Żal po Misiaku Tomaszu

Misiak Tomasz z Wrocławia, senator, polityk, biznesmen...

We Wrocławiu dorastał pod czujnym okiem Schetyny Grzegorza, w Platformie Obywatelskiej działał pod czujnym okiem Tuska Donalda... I niczego się nie nauczył.

Słusznie się go pozbyli, (niby zdążył odejść sam zanim go posunęli) bo w końcu taki nieuk... To już nawet Pawlak Waldemar jest sprawniejszy. Więcej słupów ma. A ta sierota wszystko osobiście musiała robić... Jeszcze by partnerstwo publiczno – prywatne skompromitował.

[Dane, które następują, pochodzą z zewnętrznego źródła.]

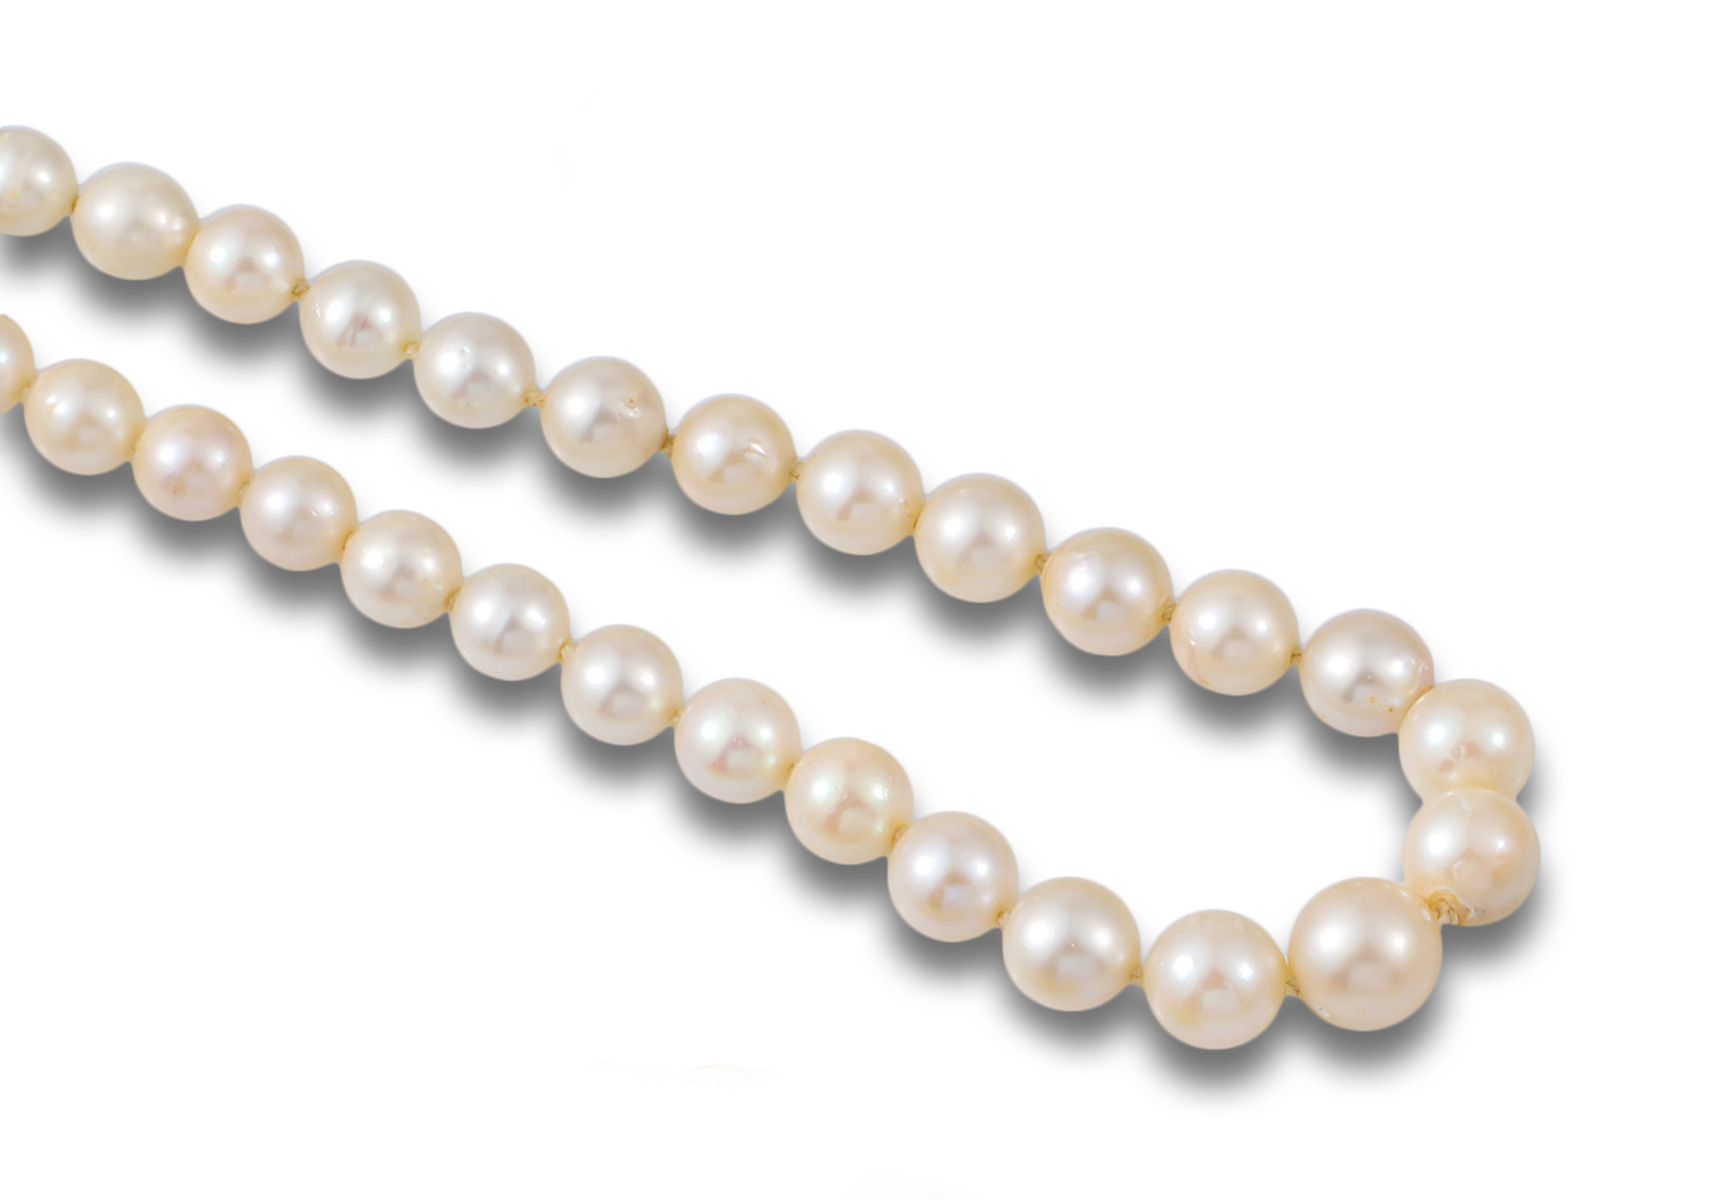 PEARL NECKLACE WITH YELLOW GOLD Necklace made up of 62 cultured pearls arranged &hellip;

Ogródek takiemu uprawiać, a nie politykę robić.

Odebrali mu też jego ukochaną umowę. To jasne! Przycięli Misiaka Tomasza jak paznokcie do przycięcia, to przecież taka dobra umowa mu się nie należy. Takich umów nie ma wcale tak dużo, żeby dla każdego starczyło – będzie potrzebna – jest przecież wielu Totumfackich, którzy takich umów nie mają.

A i jeszcze będzie pedagogicznie, bo każden jeden się przekona, że jak nie będzie stosował podstawowych zasad BHP skończy jak Misiak Tomasz. Na aucie i bez umowy.

Niech się młodzież uczy.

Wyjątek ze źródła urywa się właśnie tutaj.